PETALING JAYA: Despite the record-breaking transaction value recorded in 2023 in the property sector, the KL Property Index, which is made up of listed shares of property companies, has remained relatively flat.
The index closed at about 918 points yesterday, six points higher compared to the 912 opening points recorded on March 6, the day when the National Property Information Centre (Napic) released its statistics on last year’s property market.
Analysts, however, expressed optimism about the outlook for property stocks on the KL Property Index following the latest Napic results, citing several factors contributing to positive sentiment in the sector.
These include favourable monetary and government policies as well as the spillover effects from major infrastructure projects like the high-speed rail (HSR), rapid transit system (RTS), and mass rapid transit 3 (MRT3).
Speaking with StarBiz, RHB Research analyst Loong Kok Wen said these factors, coupled with the anticipated improved economic growth, are expected to sustain the positive momentum in the property market.
“Generally, developers are aiming for higher sales targets and higher launches this year,” she said, adding that overall, there should not be any negative earnings growth.
Another analyst with a local brokerage also believes that developers are poised for a stronger performance in 2024.
“In addition to favourable monetary and government policies, Malaysia’s resilient growth, supported by increased domestic demand and improved labour market conditions, is anticipated to impact the property sector positively,” she told StarBiz.Similarly, she believes the imminent end of the central bank’s interest rate hike cycle, potential land value boosts from major infrastructure projects and the establishment of special financial hubs and economic zones would collectively contribute to this positive sentiment.
“Furthermore, we expect the implementation of homeowner-friendly policies to add another layer of appeal to the sector,” she added.
Moving forward, the analyst anticipates the above mentioned factors to sustain a positive market momentum for the upcoming months.
“With robust unbilled sales and a solid balance sheet, developers seem well positioned to embrace a promising 2024,” she said.
When asked about the impact of the high cost of living on the property market, Loong said that post-Covid-19, various countries witnessed a surge in inflation as economies reopened.
However, as of 2024, she said inflation is stabilising, signalling a gradual adjustment to the new norm, not only in Malaysia but globally.
“I’m not blindly optimistic, I know inflation is a threat but people are spending, as evident in malls,” she noted.
As for the weakening ringgit, Loong said it will have a direct impact on investor sentiment.
However, she said the impact is not significant on the property market as construction materials are locally sourced.
Despite the weakening local currency, she believes the demand for property is expected to persist, driven by the fact that people refrained from spending during Covid-19.

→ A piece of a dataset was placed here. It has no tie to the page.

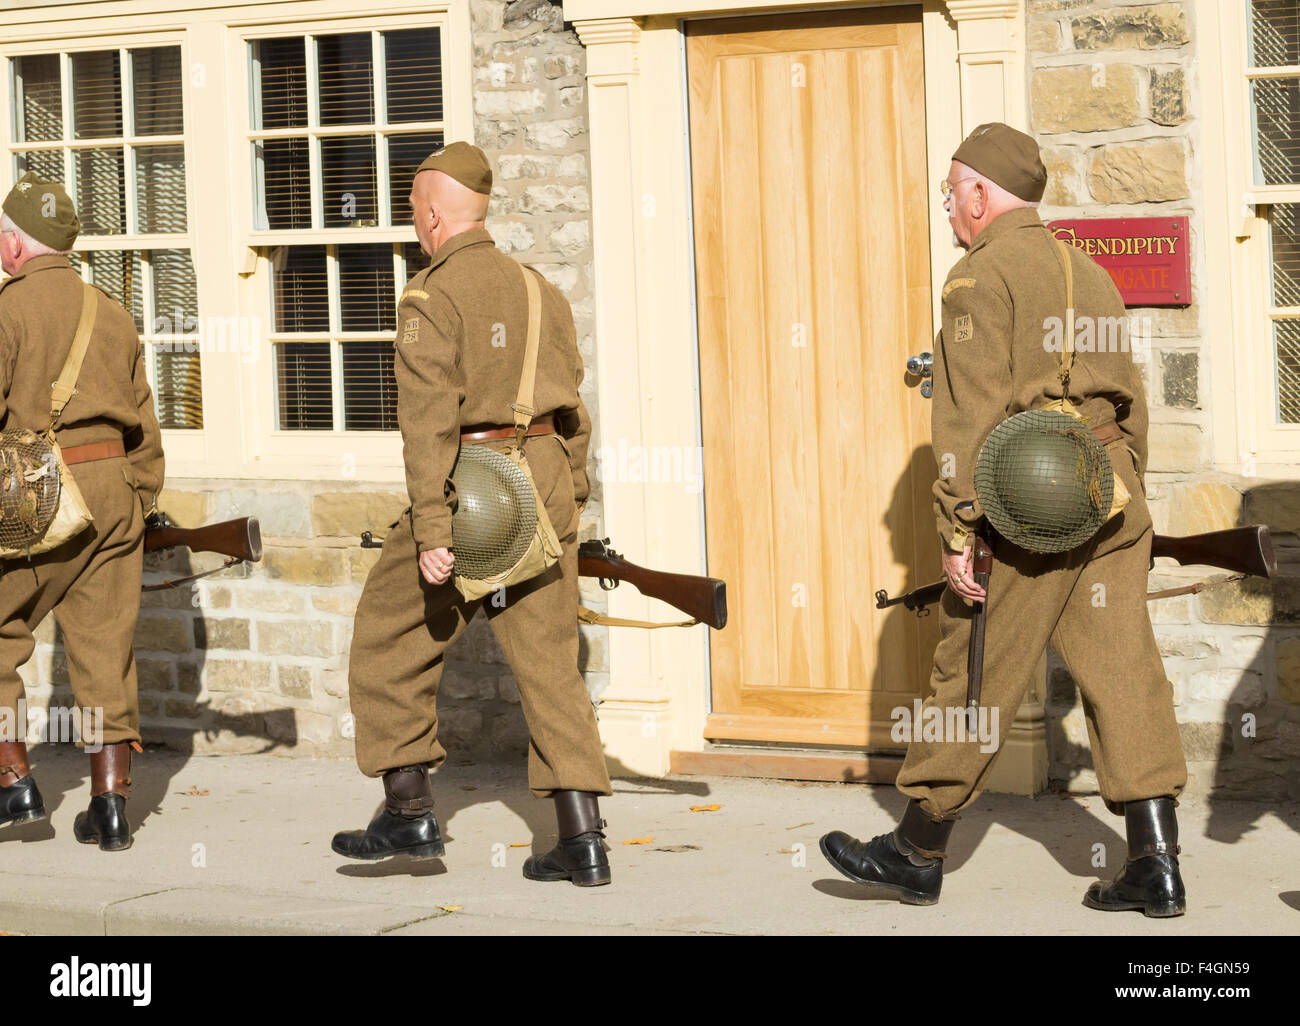 Pickering, North Yorkshire, UK. 17th October, 2015. Pickering`s annual Wartime and 40`s Weekend attracts thousands, with World War 2 living history camps and battle re-enactments amomg the attractions. PICTURED: Home Guard marching through the town Stock Photo

“The (property) demand is now fuelled by the savings accumulated during that (Covid) period,” she said.
Loong named UEM Sunrise Bhd , Sunway Bhd and IOI Properties Group Bhd (IOIProp) as her top picks within the sector, citing their exposure to Iskandar Malaysia in Johor as the main factor.
She said UEM Sunrise remains the best proxy for Johor’s thematic play, followed by Sunway, given their sizeable exposure to the state’s property market.
She said Sunway is also expected to list its healthcare unit in 2026 or 2027, representing a value monetisation exercise, while IOIProp is strengthening its recurring income from the property investment side.
Last week, Napic reported that Malaysia’s property transaction value soared to RM196.83bil in 2023, representing a 9.91% year-on-year (y-o-y) surge from the previous record set in 2022 at RM179.07bil.
The positive growth trend is driven by a higher increase in transaction values in all sub-sectors, namely the residential at 7.1%, commercial (17.5%), industrial (13.1%), agriculture (4.6%) and development land and others (13.8%), compared to 2022.
Newly launched residential units also saw an increase of 4.4% to 56,526 units with a better sales performance of 40.4% from 36% in 2022, the department said.
As for the number of transactions, it was largely flat at 399,008 in 2023, a 2.54% increase from 389,107 in 2022, with the bulk 62.8%, or 250,586 units, coming from the residential sub-sector.
There were 25,816 overhang units worth RM17.68bil in 2023, reflecting a 7% reduction in volume and a 4% decrease in value compared to 2022, where there were 27,746 overhang units worth RM18.41bil.
The Malaysian House Price Index, meanwhile, reached a predicted 216.5 points in 2023, corresponding to RM467,144 per unit, reflecting a moderate annual growth of 3.2% from the 2022 index of 209.8 points, which had an average price of RM452,617.
Positive annual growth was observed across all major states, with Johor leading at 6.2%, followed by Penang (3.8%), Selangor (2.9%) and Kuala Lumpur (1.8%).